=== Exercise goal ===
Quote the data exactly, first line to the line containing "Five people survive", with no pictures.

=== Information provided ===
▼

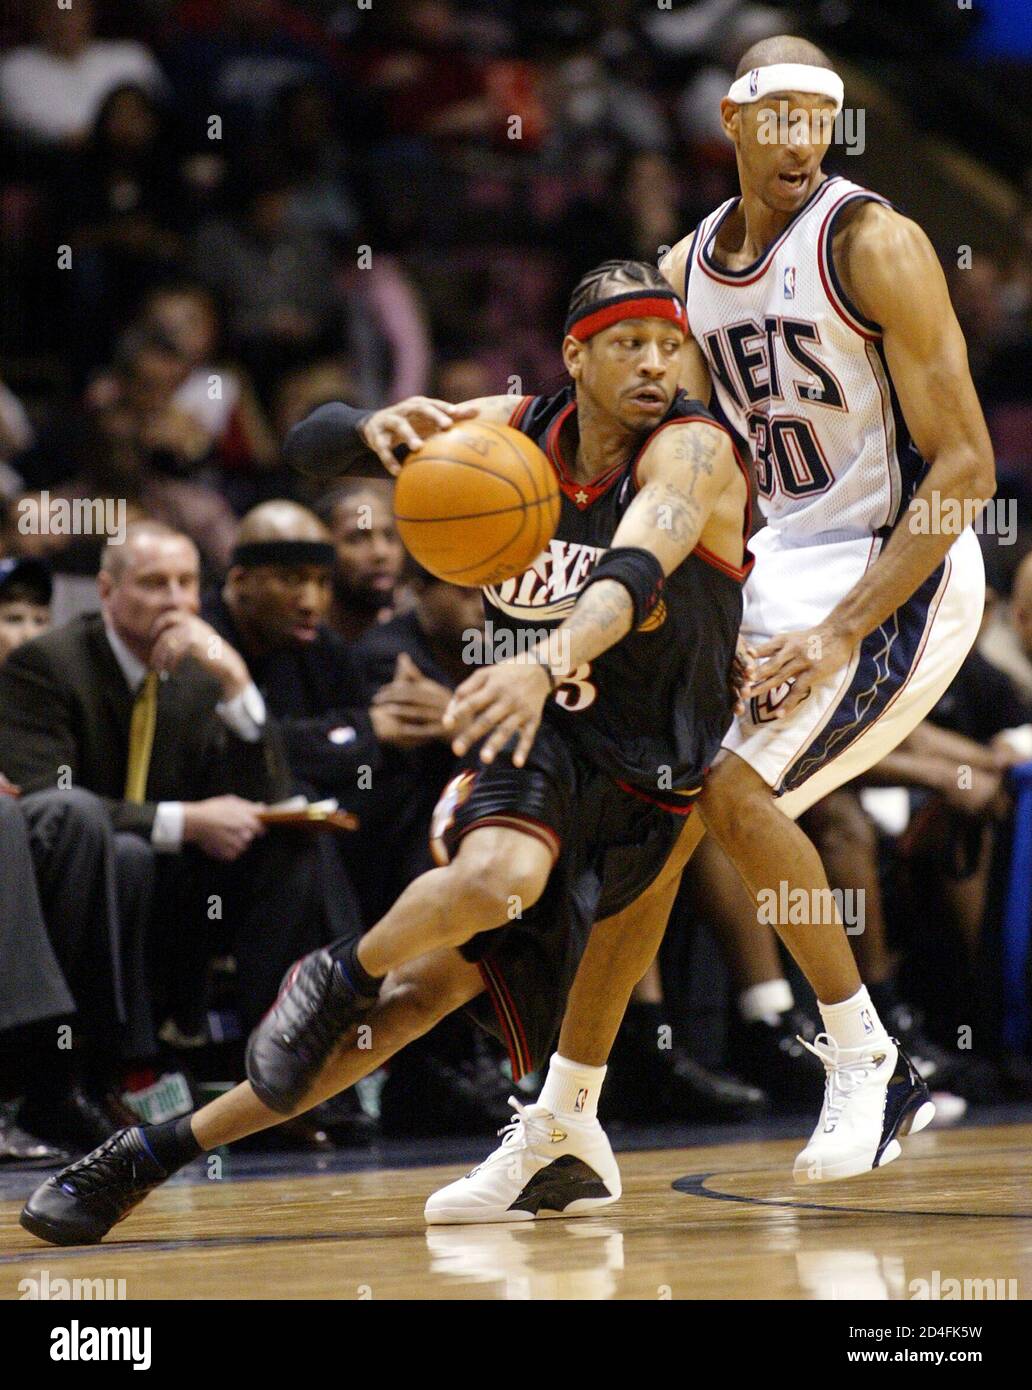 Philadelphia 76ers guard Allen Iverson (L) drives around New Jersey Nets  guard Jason Kittles (R) in the first period of their NBA game February 8,  2004 in East Rutherford, New Jersey. REUTERS/Ray
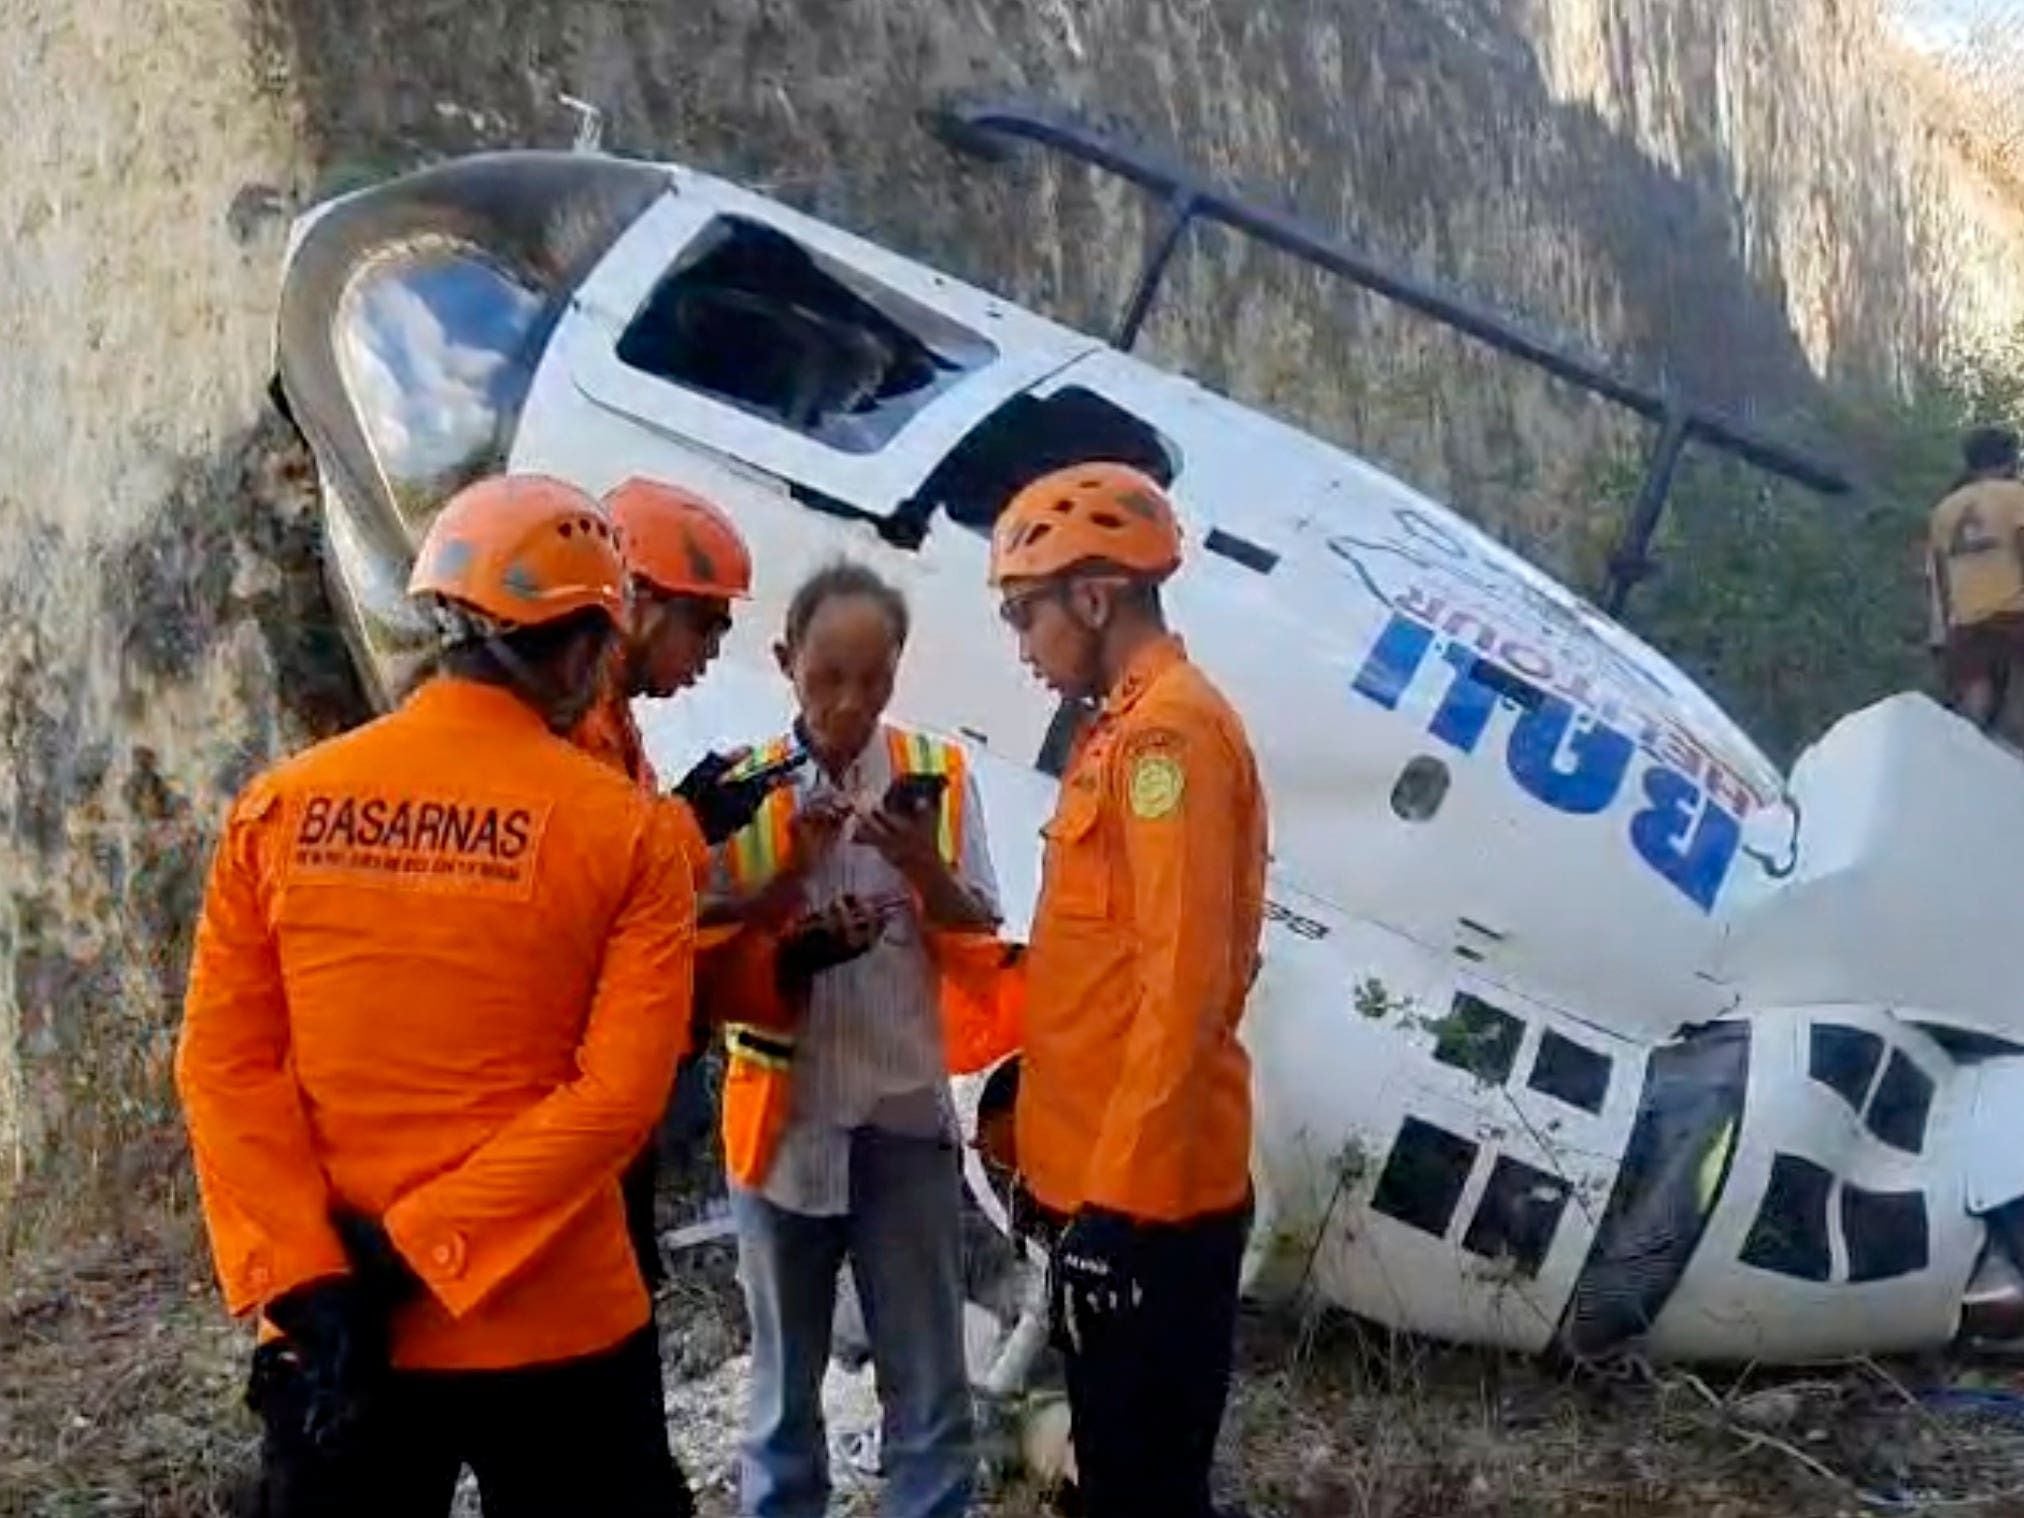 Five people survive tourist helicopter crash in Bali
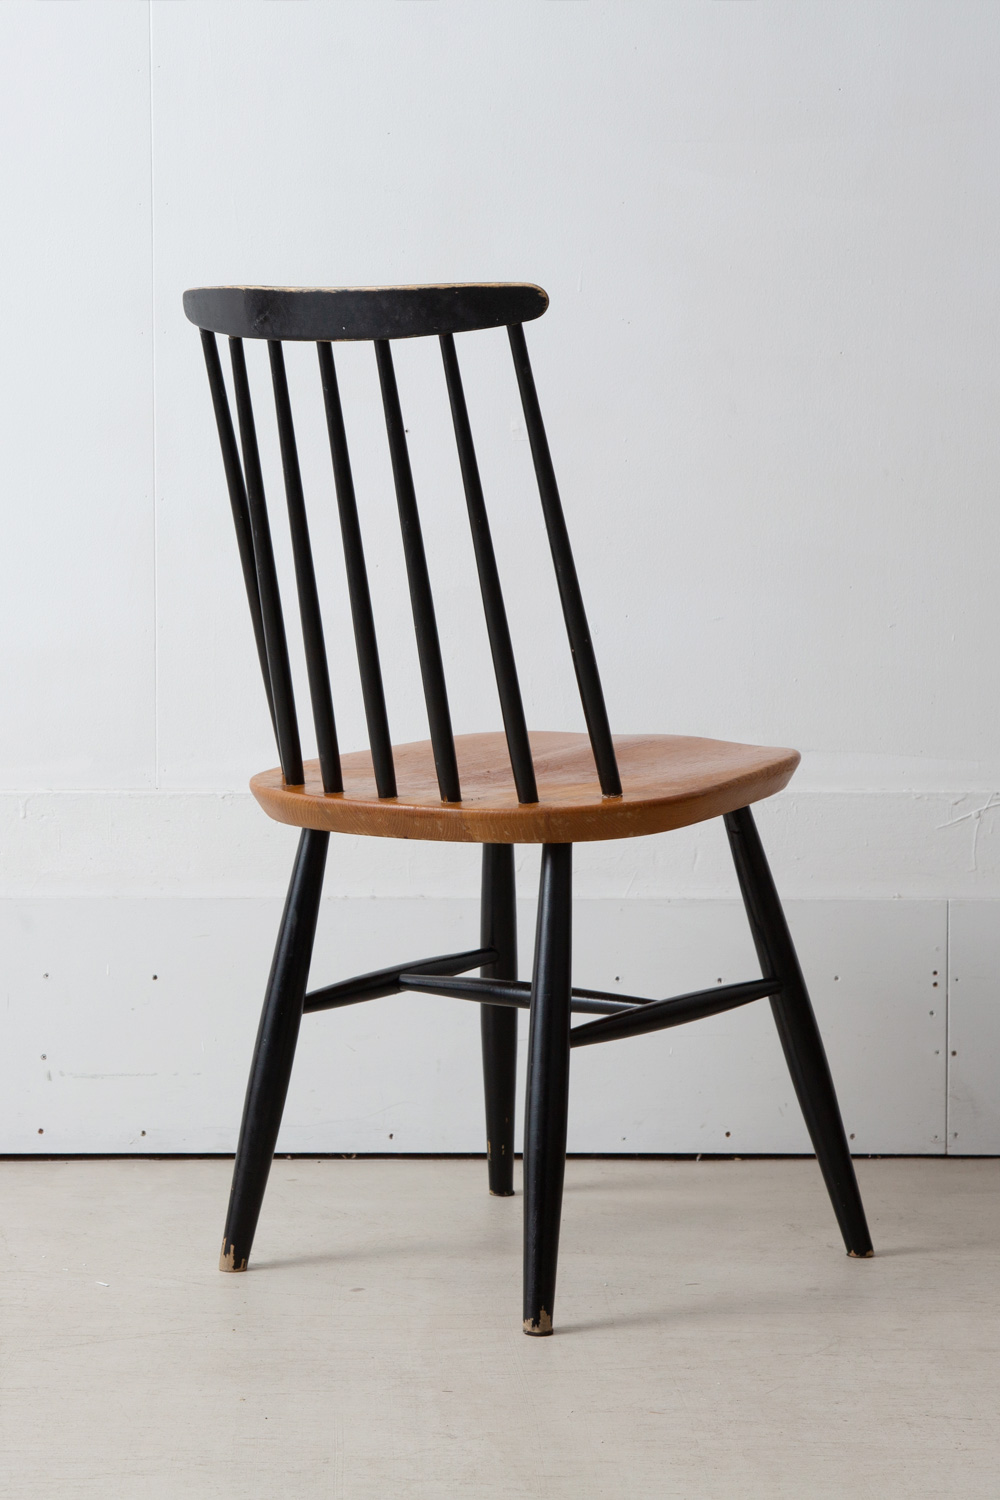 Dining Chair for Edsby Verken in Black and Wood
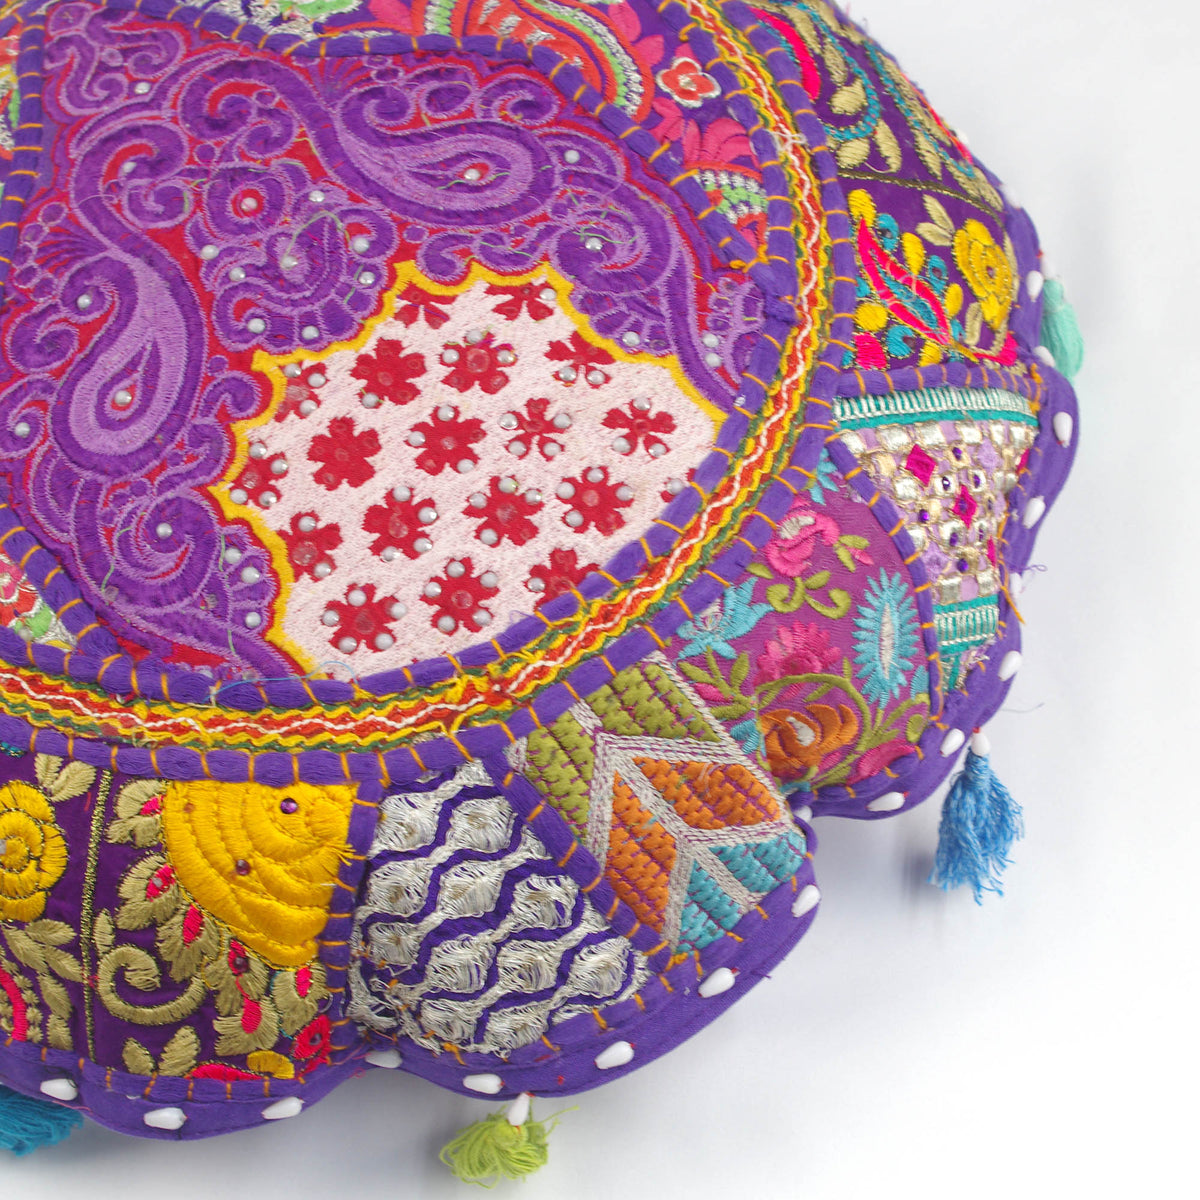 Purple Round Floor Embroidered Patchwork Pouf Ottoman Indian Vintage Cushion Cover 18"

▲

=== Solved problem ===
 Philadelphia 76ers guard Allen Iverson (L) drives around New Jersey Nets  guard Jason Kittles (R) in the first period of their NBA game February 8,  2004 in East Rutherford, New Jersey. REUTERS/Ray
 Five people survive tourist helicopter crash in Bali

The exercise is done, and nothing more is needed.